# New member Jaybird1103 from the Mississippi Delta



## jaybird1103 (Sep 17, 2013)

Hi! I'm Jaybird 1103. I was born in Greenwood, MS but have lived all my life in Belzoni, MS, in the Mississippi Delta.  Weather wise, our summers (and sometimes early fall) are hot and humid, our winters are cold and sometimes damp, and in the spring and fall the weather can be unpredictable, and allergies (from trees, grass, flowers, and crop dusting pesticides) can run rampant.  
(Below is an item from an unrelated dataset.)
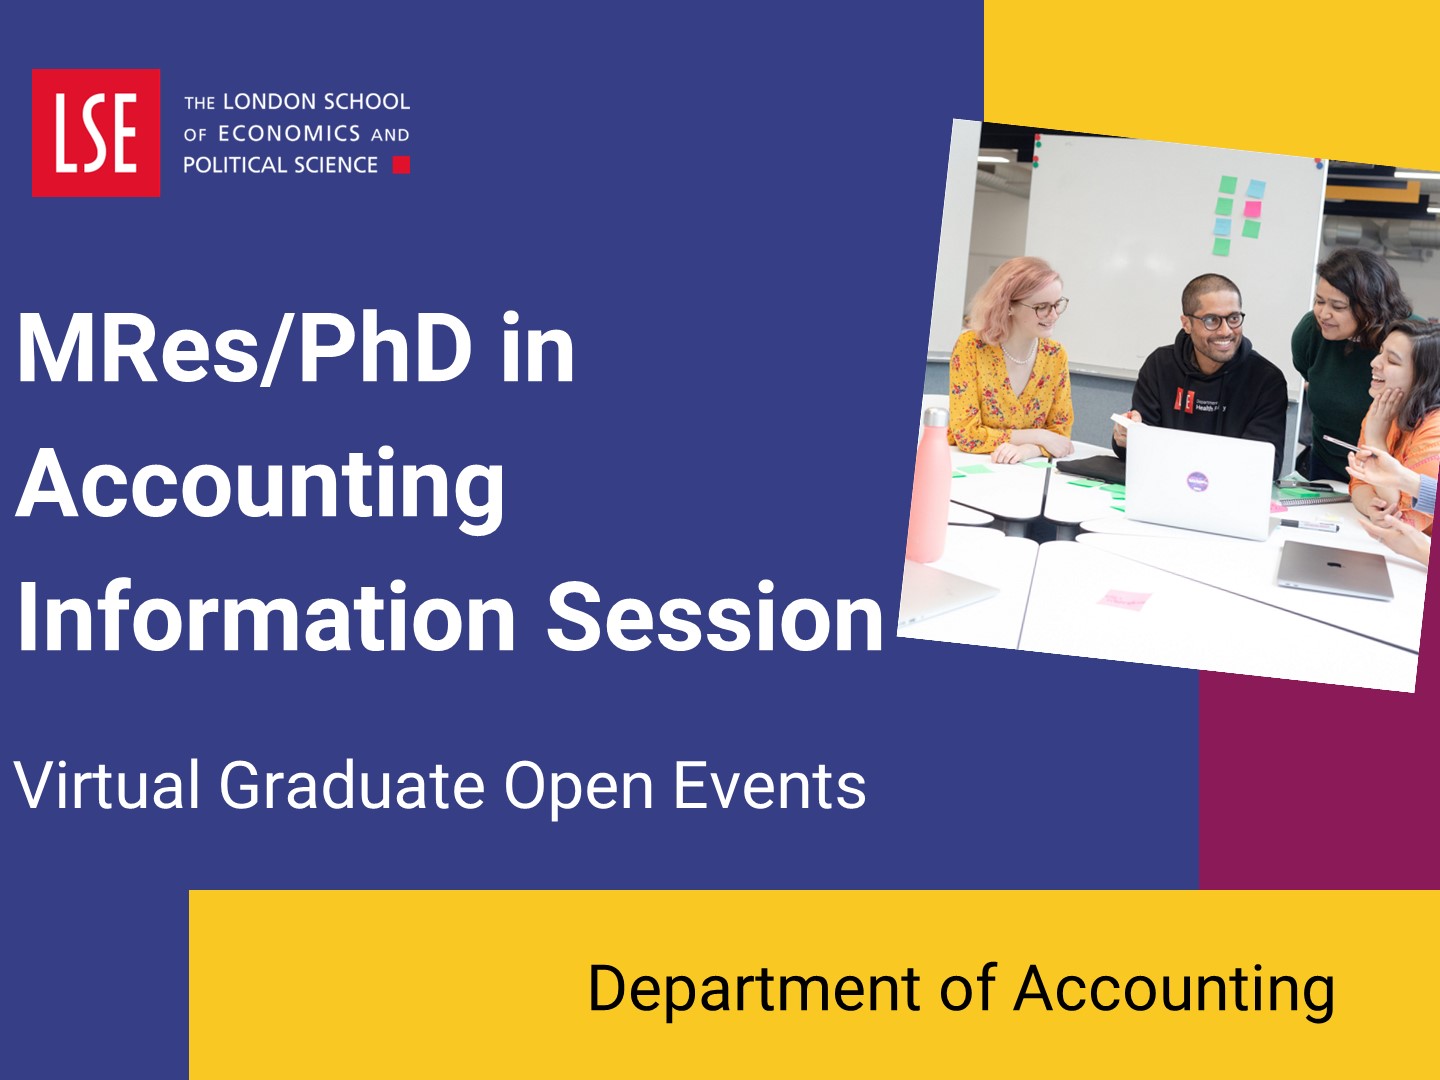 Introduction to the MRes/PhD in Accounting

BBQ is somewhat big in the Delta (Abe's and The Ranchero in Clarksdale, Ubon's in Yazoo City, Stephen's in Greenwood, and Tabb's in Greenville), however, usually one must either go to the Jackson metro area (Dickey's, Sonny's), the Pine Belt (Leatha's in Hattiesburg), the Gulf Coast (The Shed in Ocean Springs), or on the Mississippi/Tennessee border (Interstate BBQ in Southaven), otherwise, you pretty much have to go into Memphis for good BBQ with the exception of Abe's. My hometown used to have a BBQ place, The Pig Stand, which closed in 2000. They served mostly pulled pork plates and BBQ sandwiches with a tangy Blue Plate brand BBQ sauce as their base. It closed when Earl Kilpatrick, the owner, wound up in poor health, and business suffered after Earl had a heart attack and his wife LaWanna, told him to either close on Sunday or she would leave him (seriously). As I mentioned, the business closed, Mr. and Mrs. Kilpatrick have both since passed away (along with one of their sons) and their other children did not want the restaurant. A Double Quick and McDonald's now occupies the site on the corner of Hwy. 49W and Jackson Street. His brother, Billy Joe Kilpatrick, runs The Varsity Restaurant (not to be confused with the Atlanta, GA drive in) and they also have the same Pig Stand BBQ, although their sauce is thicker.  Another BBQ place is Little Wimps,on George Lee Avenue, but it seems they boil their meat before it is smoked and grilled.  So, with the exception of Clarksdale, DeSoto County, and Yazoo City, the Delta seems to be more in hot tamales and catfish than BBQ.

I'll probably post which grills and/or smokers I am thinking about getting and post them later.  Thank you and Good 'Que.


----------



## seenred (Sep 17, 2013)

Welcome to the forums, Jaybird!  This is the best place I know for sharing ideas on smoking, grilling, curing, etc.  There are plenty of friendly, knowledgeable folks who really enjoy helping one another.  Looking forward to your input here, and just ask when you need anything...someone here will surely have the answer.

Red


----------



## kathrynn (Sep 17, 2013)

to SMF!  We are so glad you joined us! Would you mind updating your profile to show the other SMF members where you are located?  Might meet a few neighbors!

We love to see pictures of what you are cooking (or what we call q-views here at SMF).  To "upload the q-views" just follow the directions here and it will be easier. If you are using a cell phone, an IPad or a kindle, go to the main SMF page and click the Mobile button. Will make the uploads a bit faster too.

If you didn't read the "Terms of Service" notes.....please do.  There are a few things that everyone should know about those pesky little rules before plunging into the forums and some guidelines of how to interact within the forums. Off site links are not allowed here at SMF per TulsaJeff. Not that you have done anything wrong....just a little bit of FYI for new members!

If you need any help roaming around the forums....just holler!  Happy to help out!

Kat


----------



## s2k9k (Sep 17, 2013)

:welcome1: to SMF!!! We're happy you joined us! We have over 50,000 members now who just love to share what they know. You've come to the best place on the net to learn and share everything Q!!!


----------